Вера продолжает с невеселым смехом:
— Ты же сам хотел этого. Забыл?
Хрустит пальцами, смотрит в окно, где между двумя белыми занавесками виднеется синяя полоска неба, говорит:
— Часто думаю о ребенке. Как была бы я счастлива! А так все пусто, холодно. Остался ты один. Но и ты, как чужой. Ты знаешь, я многое поняла за последние месяцы. Я жестоко ошиблась в выборе профессии. Наша работа невыносимо нудная. Осенью была на практике в Южном Казахстане. Ветер и блохи. Что-то кошмарное. К ним привыкнуть нельзя. Может быть, окончив институт, придется вернуться туда же. Награда за шесть лет отвратительнейшей зубрежки. Лучшие годы зачеркнуты. Ты понимаешь, я в тупике. Не хочу… И больные. У меня к ним отвращение. Пойду хоть на завод, хоть в продавщицы… Ты думаешь, не смогу? Смогу. Для тебя все смогу. Мне теперь хочется жить просто. И чтоб не было лжи. Чтоб ни к чему себя не принуждать. У нас будет небольшая квартирка. Окно на Волгу, книги…
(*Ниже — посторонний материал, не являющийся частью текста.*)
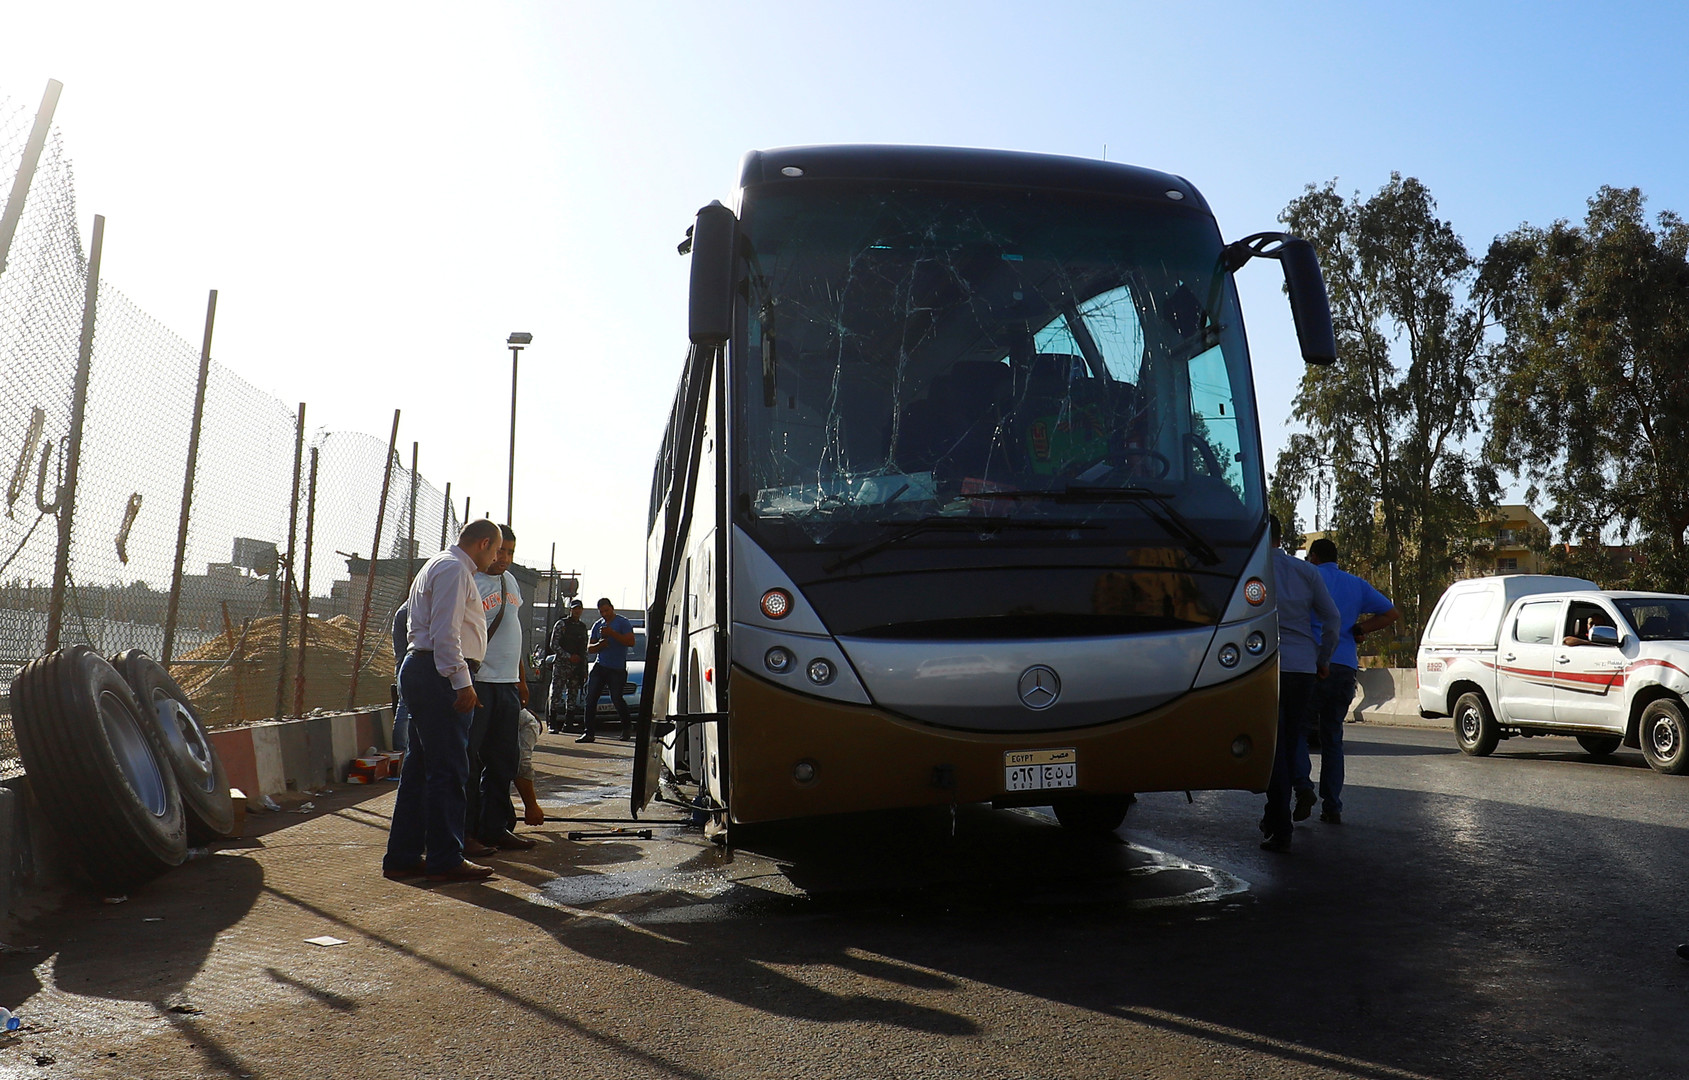 شاهد آثار الانفجار الذي استهدف حافلة سياحية قرب الأهرامات في مصر

В голосе ее слышится что-то надломленное, неуверенное, даже заискивающее.
— Поздно, Вера.
Хочу сказать, что не будет у нас ни квартиры, ни комнаты, ни окна на Волгу, что она сама чужая мне, нелюбимая, но Вера не дает мне договорить. Она взмахивает руками, словно что-то стряхивает с себя. Снова голос ее звучит развязно, как будто две Веры в комнате; одна — усталая, разбитая, несчастная, другая — наглая, наступательная.
— Нет, не поздно. Почему ты сдаешься? Нужно бороться за жизнь. Ты еще молод. Слушай, самое главное. Из-за этого я и приехала. Весной из института увольняется зав. анатомическим музеем, помнишь, хромал? Я договорилась — ты пойдешь на его место. Его жена училась, сейчас кончает, и они вместе уезжают работать на Север. Тоже идеалист, вроде тебя.
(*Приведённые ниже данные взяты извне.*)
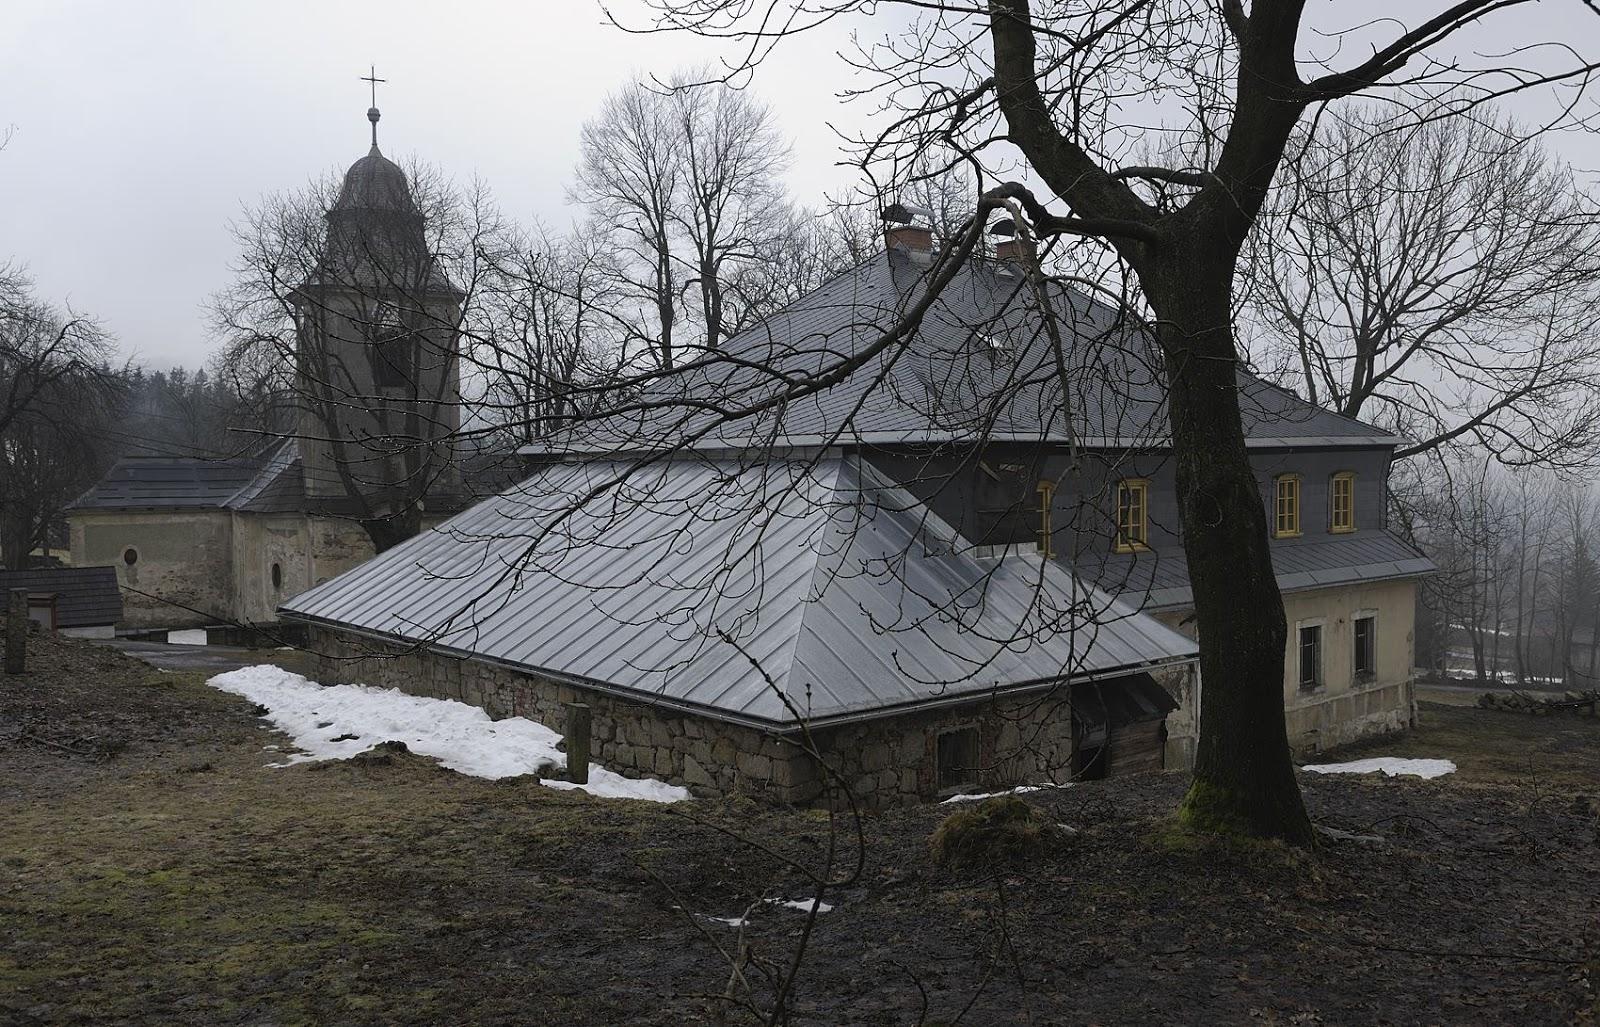 Fara na Krásné, autor: Pavel Hála, 2010

— Ты хочешь, чтобы я кишки заспиртованные караулил?
— Боже мой! Да не все ли равно? Важно попасть в институт, а там все будет зависеть от тебя. Ты мне ответь: есть у тебя желание вырваться отсюда? Ты же мечтал о научной работе…
— Никуда вырываться не собираюсь. Буду работать здесь.
Она взяла меня за руку.
— Значит, уже закис? Примирился? Да разве можно с таким мириться? Послушай — тишина, как в могиле. Я бы здесь через неделю спятила с ума. Поверить не могу, что тебе тут нравится, особенно после всей этой истории. Ну, какие у тебя здесь перспективы? Сегодня работа, завтра работа и так до конца жизни? Вечный труд на благо других, и в итоге деревянный памятник на сельском кладбище с безграмотной надписью: «Здесь пачил дохтар». А кругом лопухи…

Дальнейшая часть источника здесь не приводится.